Если в европейских контекстах классика и наделялась нормативной значимостью, становясь символом национально-культурного целого, то, по-видимому, лишь в специфических условиях запоздалого строительства национального государства – в Германии 1870-х–1890-х, при характерном усилении ксенофобских (прежде всего антифранцузских и антисемитских) моментов («Немецкий император на троне, немецкие классики в шкафу»). Но и там определяющей оставалась связь понятия классики с идеей и программой культуры, не терявшей своего специфически гуманистического смысла. При всех различиях в ситуативной интерпретации классика трактовалась как символ самоценности личности и культуры и в винкельмановском понимании отстоящего во времени идеала античной древности (а он был положен в основу педагогической трактовки греческих и латинских классиков в поствозрожденческой и постреформационной Европе); и в обобщенном значении «образцового в своем роде» у Сент-Бёва; и в качестве выражения единства европейской культурной истории от Вергилия до классицизма XVII–XVIII веков, общего смыслового фонда идей и символов (Т. С. Элиот); и в значении уникального единства нормативного и исторического, выступающего предпосылкой и горизонтом любого понимания (Г.-Г. Гадамер).
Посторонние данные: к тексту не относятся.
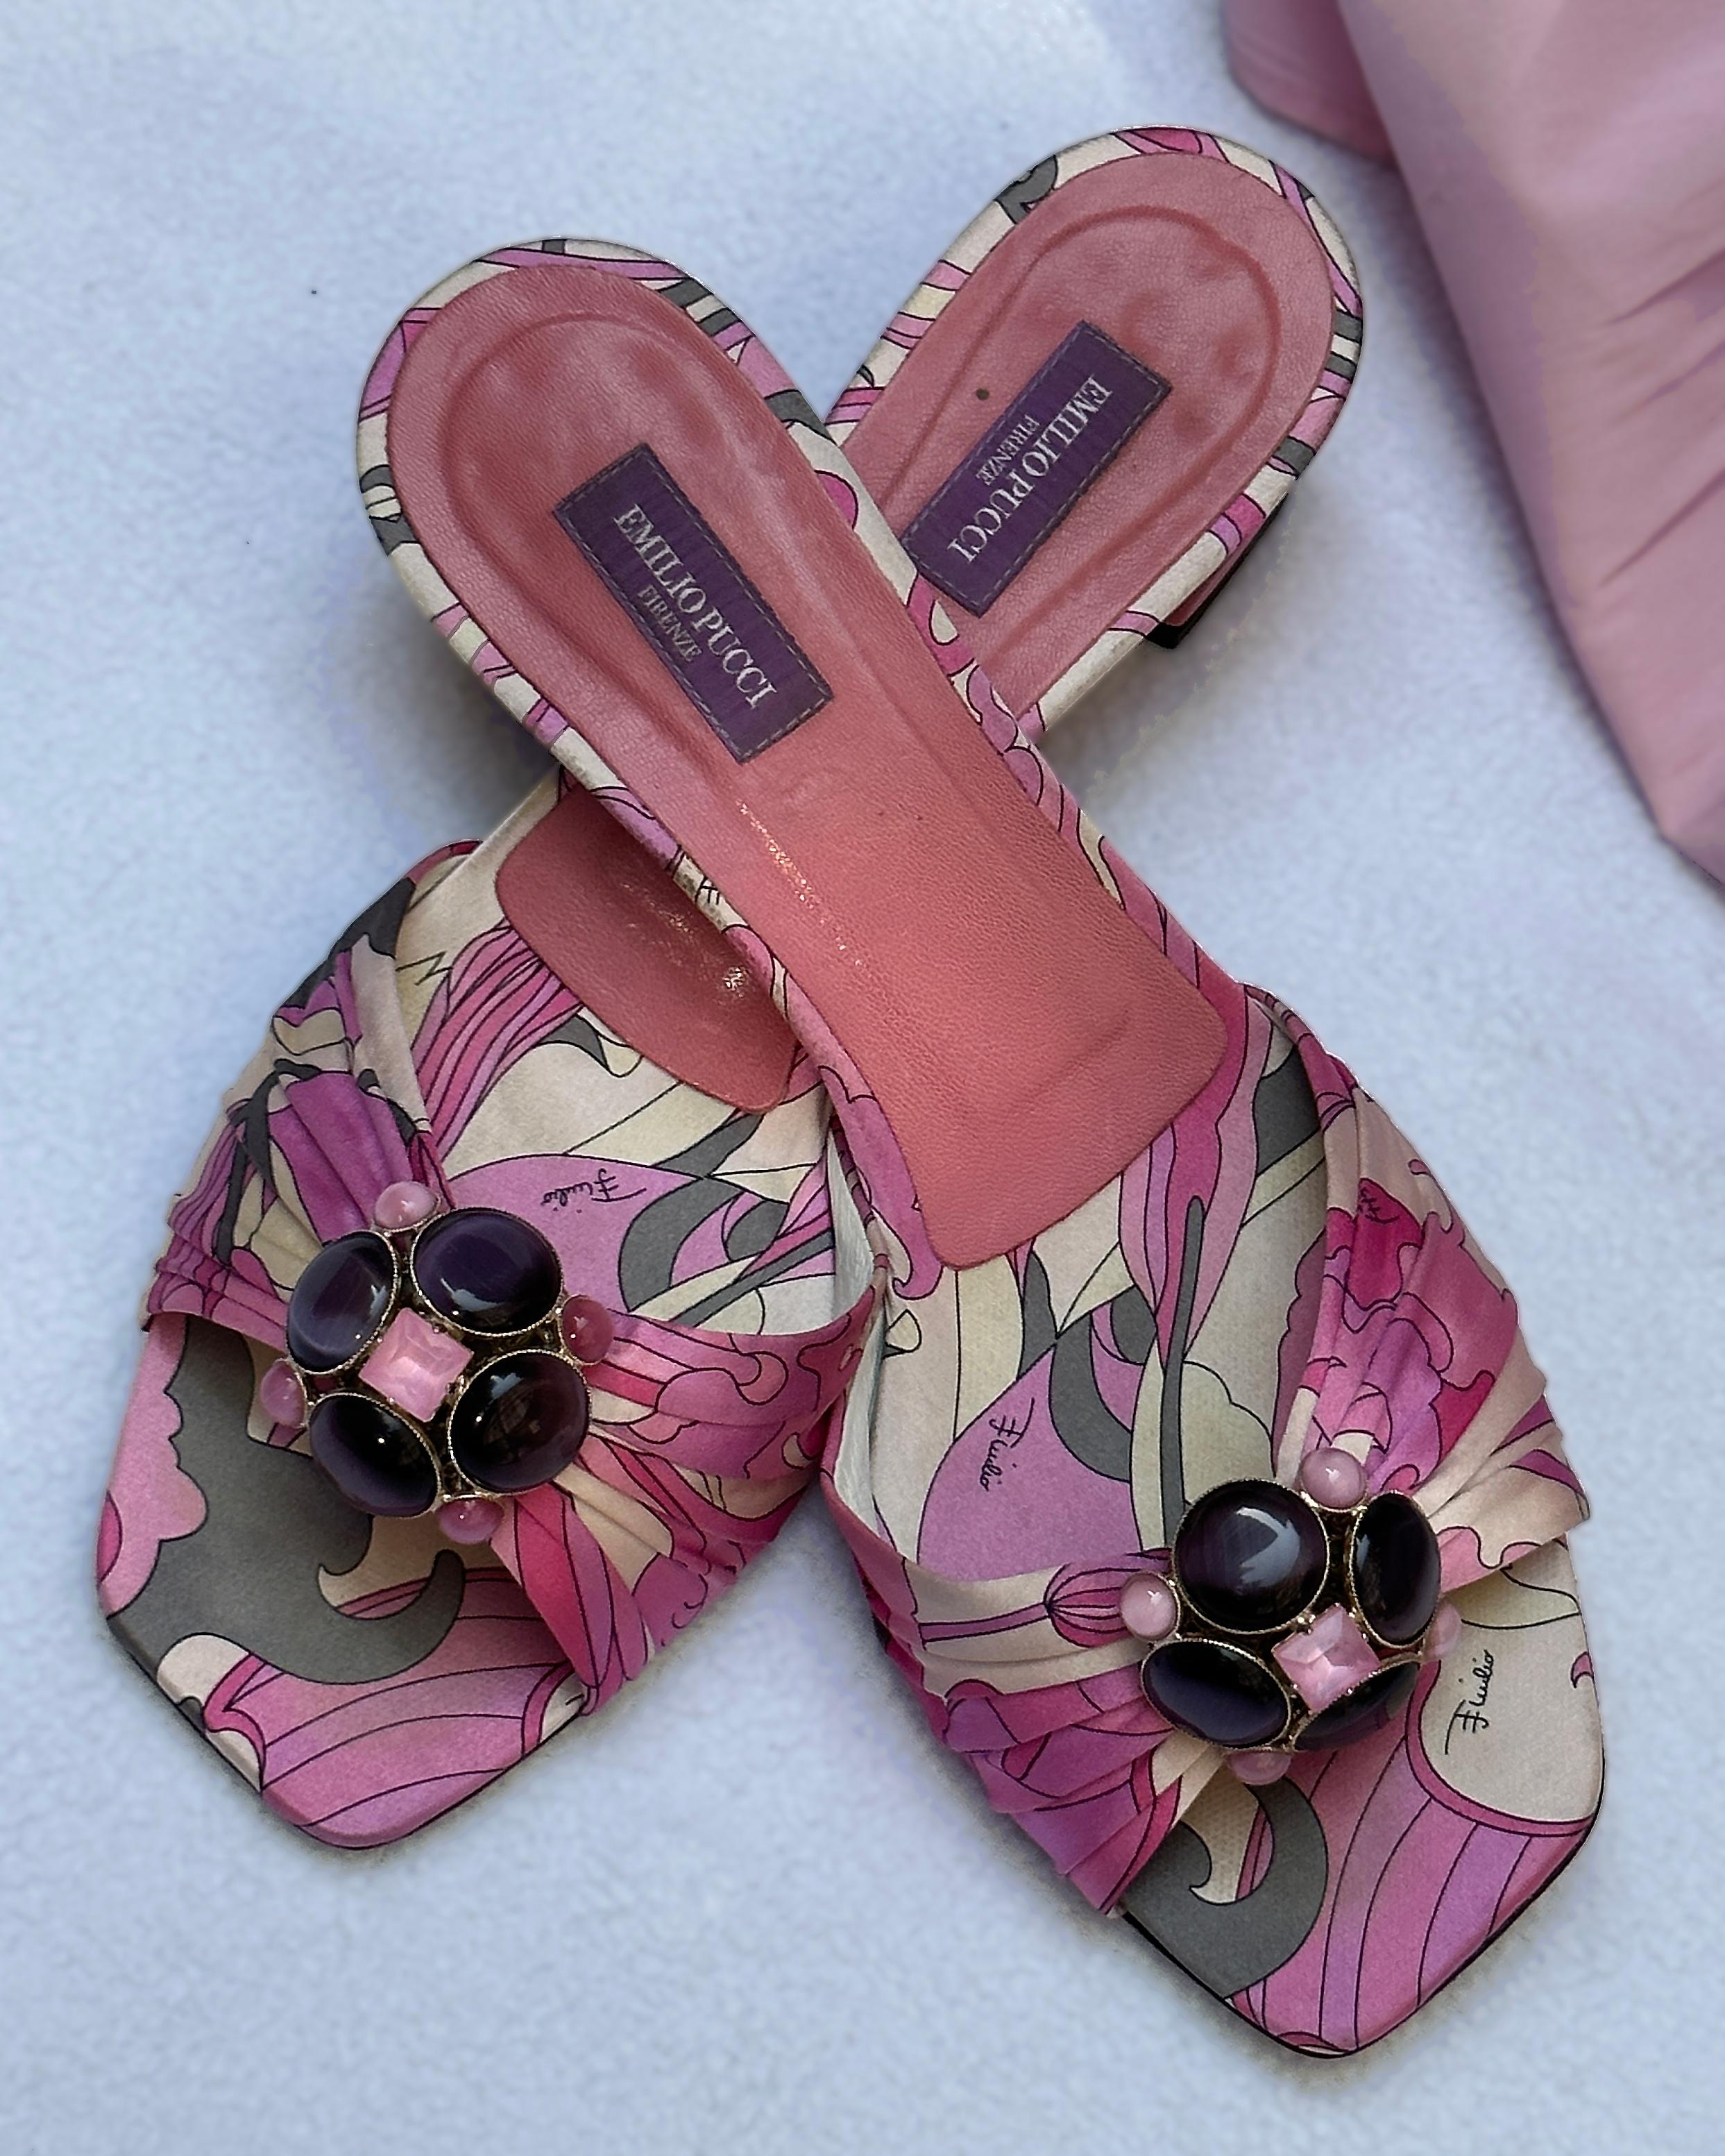 These vintage Emilio Pucci slides transport you to a Slim Aarons photograph of Capri in the late 1960s. They're crafted of satin in a signature Pucci print, featuring vibrant shads of pink, purple, grey, and ivory. The gorgeous jewel embellishment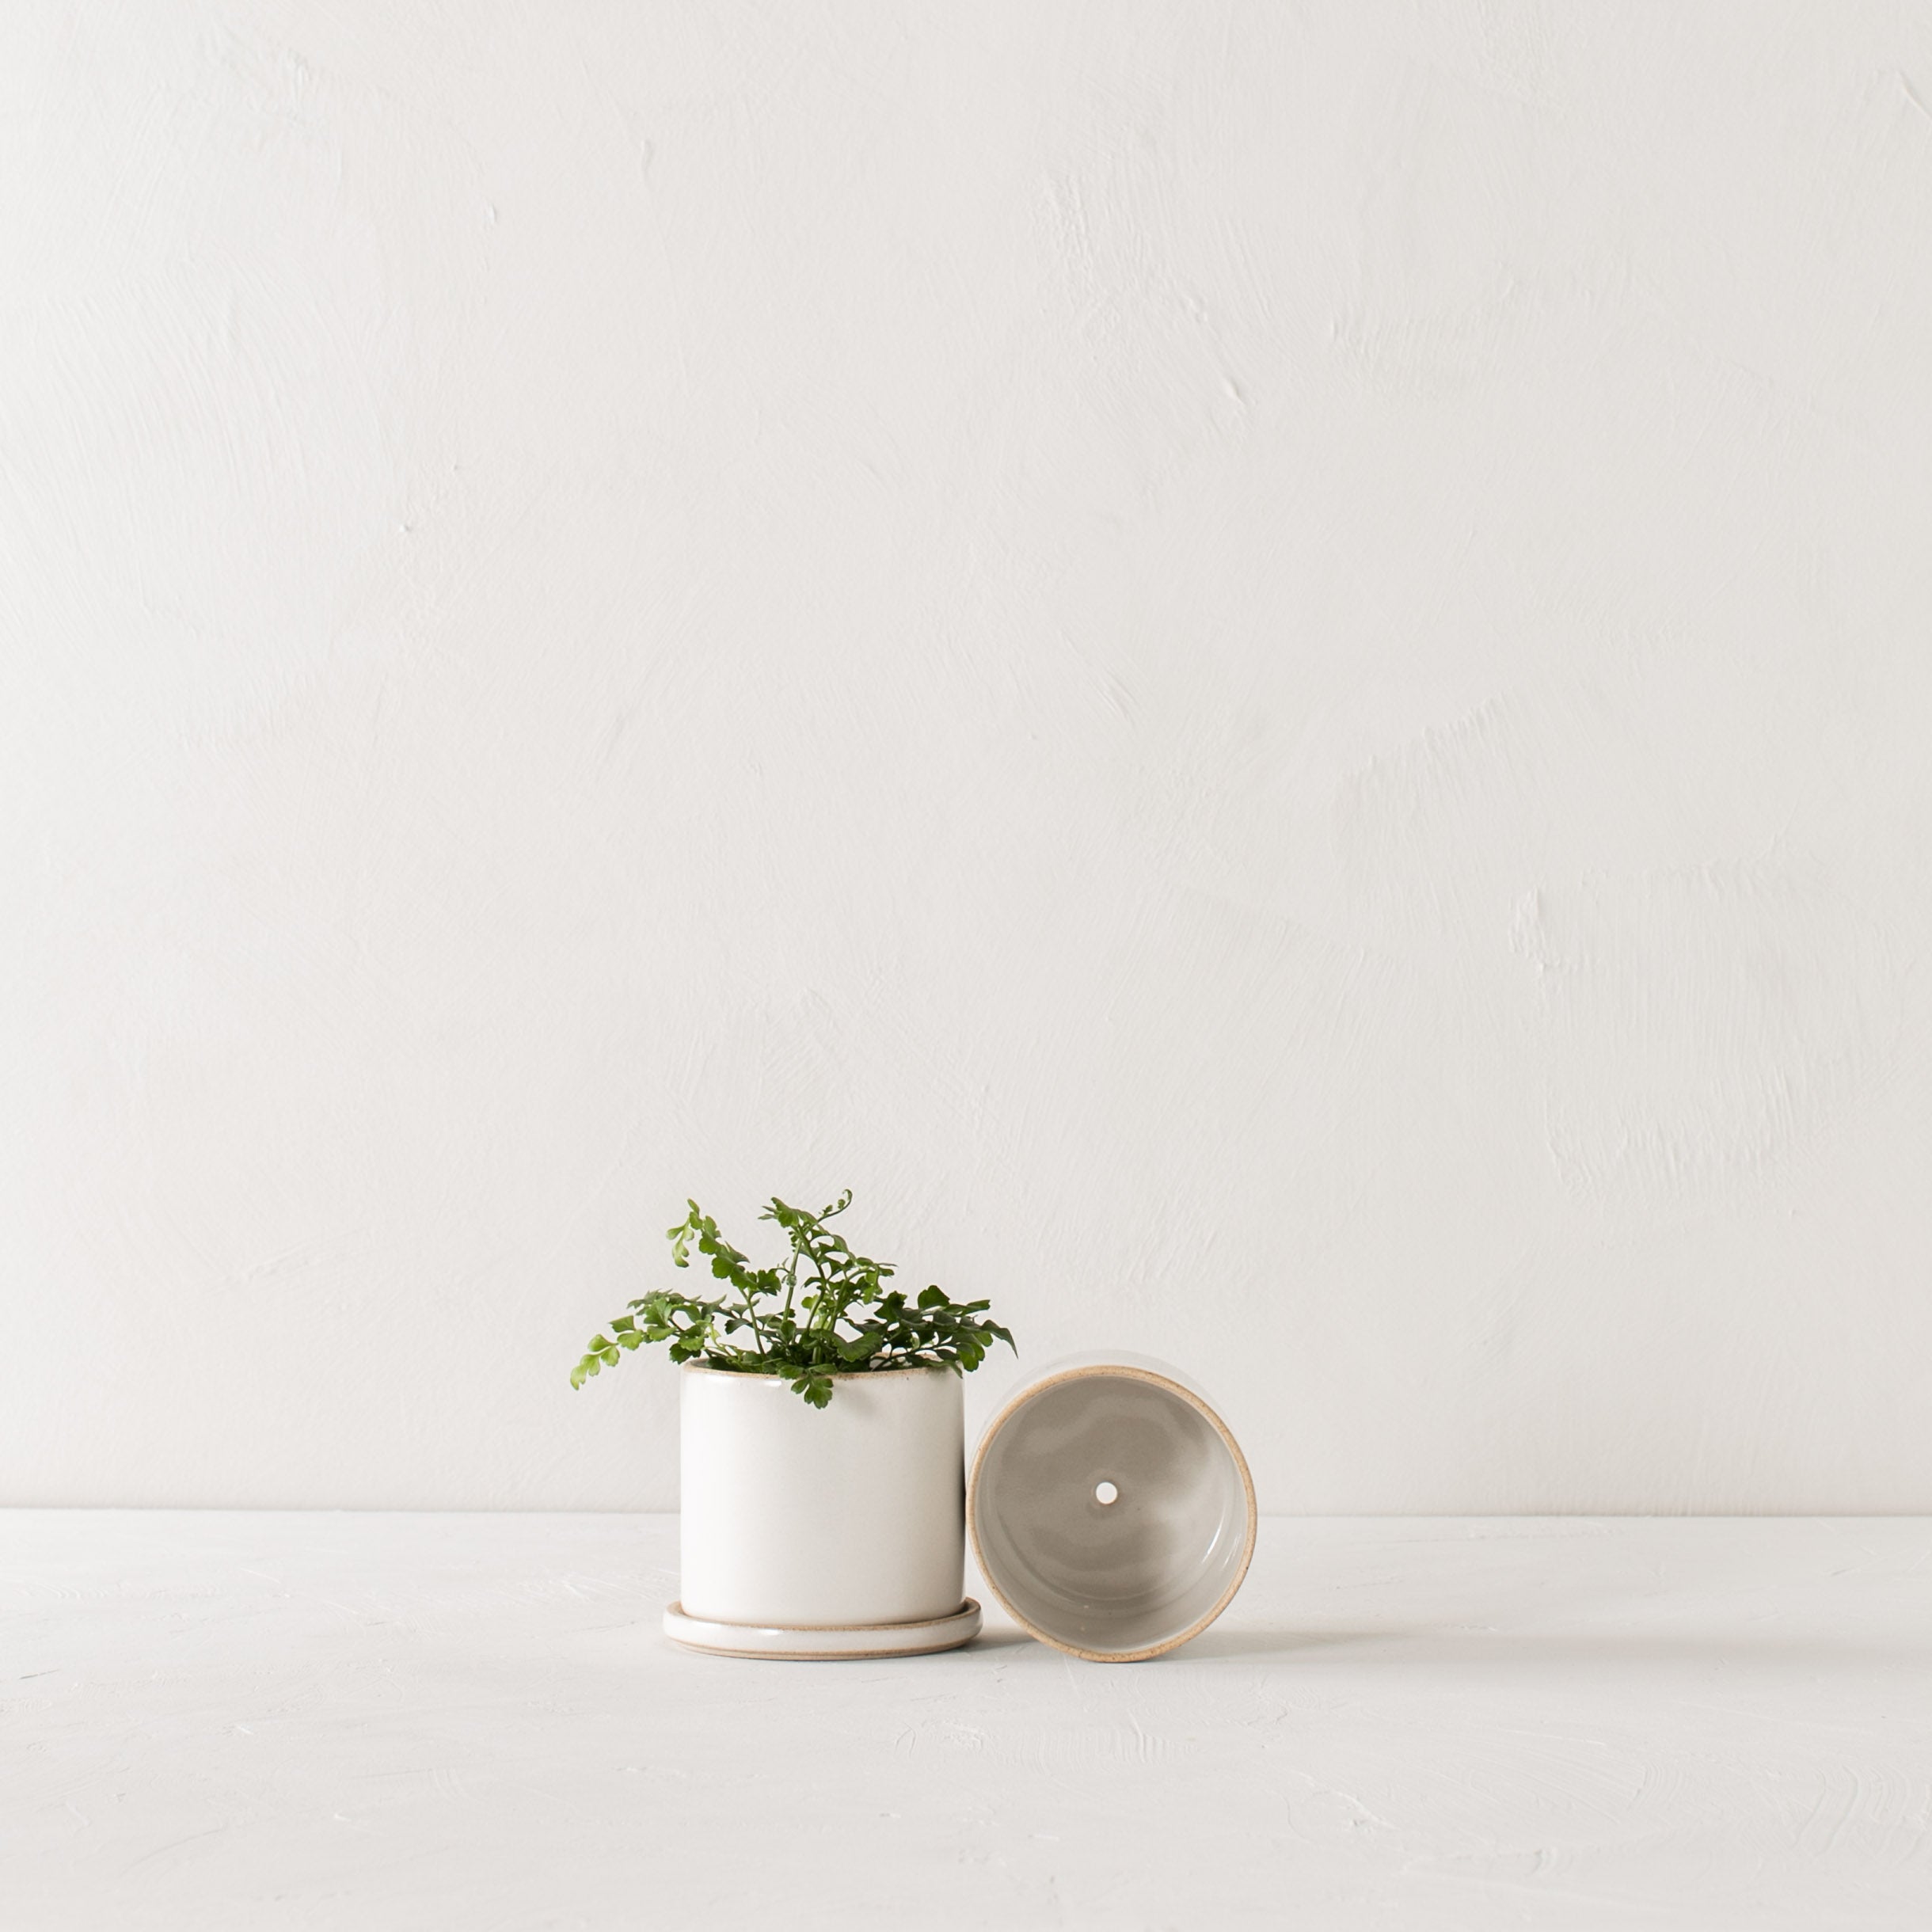 Two minimal white ceramic planters side by side. 4 inch planter and bottom dish stood upright, the other laying on its side to show off the drainage hole. Handmade ceramic planter, designed and sold by Convivial Production, Kansas City ceramics.

Образу Запада в российской традиции присущи прежде всего двойственность, амбивалентность его оценок и прикладная, инструментальная подчиненность его роли в структуре самоопределения отечественных элитных групп – структуре, которая выстраивается вокруг значений господства (хотя бы лишь морального), доминирования, а отсюда – воспитания, поучения и т. д. Можно сказать, что в этом образе воплощается базовый конфликт – или разрыв – в системе самоидентификации данного слоя. Запад как символ самой интеллигенции выступает воображаемой инстанцией признания и авторитета, а не просто источником недостающих идей, символов, техник. С другой стороны, Запад трактуется как всего лишь предыстория, из которой необходимо отобрать те моменты, которые утверждают легитимационную легенду власти. Соответственно, претензия на наследование (ощутимая и в отечественной трактовке «мировой литературы») выступает здесь демонстрацией превосходства, а в результате жесткого отбора «народного» («реалистического», «прогрессивного» и т. д.) в корпус выдающихся представителей зарубежной словесности прошлого и настоящего включаются именно те и именно так интерпретируемые авторы, которые «разрушают», ставят под вопрос, подвергают критике автономные значения западных ценностей, образа жизни и т. д.[20]20
Параллельно складывается соответствующий репертуар ролей в рамках системы литературного взаимодействия: зарубежный автор выступает «великим гуманистом Запада» (Джордж Бернард Шоу или Ромен Роллан), «убежденным антифашистом» (Анри Барбюс или Жан Ришар Блок), «коммунистом» (Альберт Мальц и т. д.). Выстраиваются и коррелятивные им образы отечественных писателей – от «буревестника революции» и «наследника гражданских традиций русской литературы» М. Горького до послевоенных «посланцев мира» Н. Тихонова и И. Эренбурга. Меняется «географическая адресация» этих образов: скажем, отечественные авторы в своих апелляциях, обращениях, поездках и др. с годами все больше переориентируются с Запада (отсюда их вытесняют сначала диссиденты, а потом – почвенники) на Восток, с Северной Америки – на Южную и т. д. А под все это формируются стандарты оценок литературы, идет повседневная селекция и цензура образцов, кристаллизуются роли критиков-зарубежников, которым только и «положено» говорить о «спорных» авторах, пишутся статьи, монографии, учебники – работает система.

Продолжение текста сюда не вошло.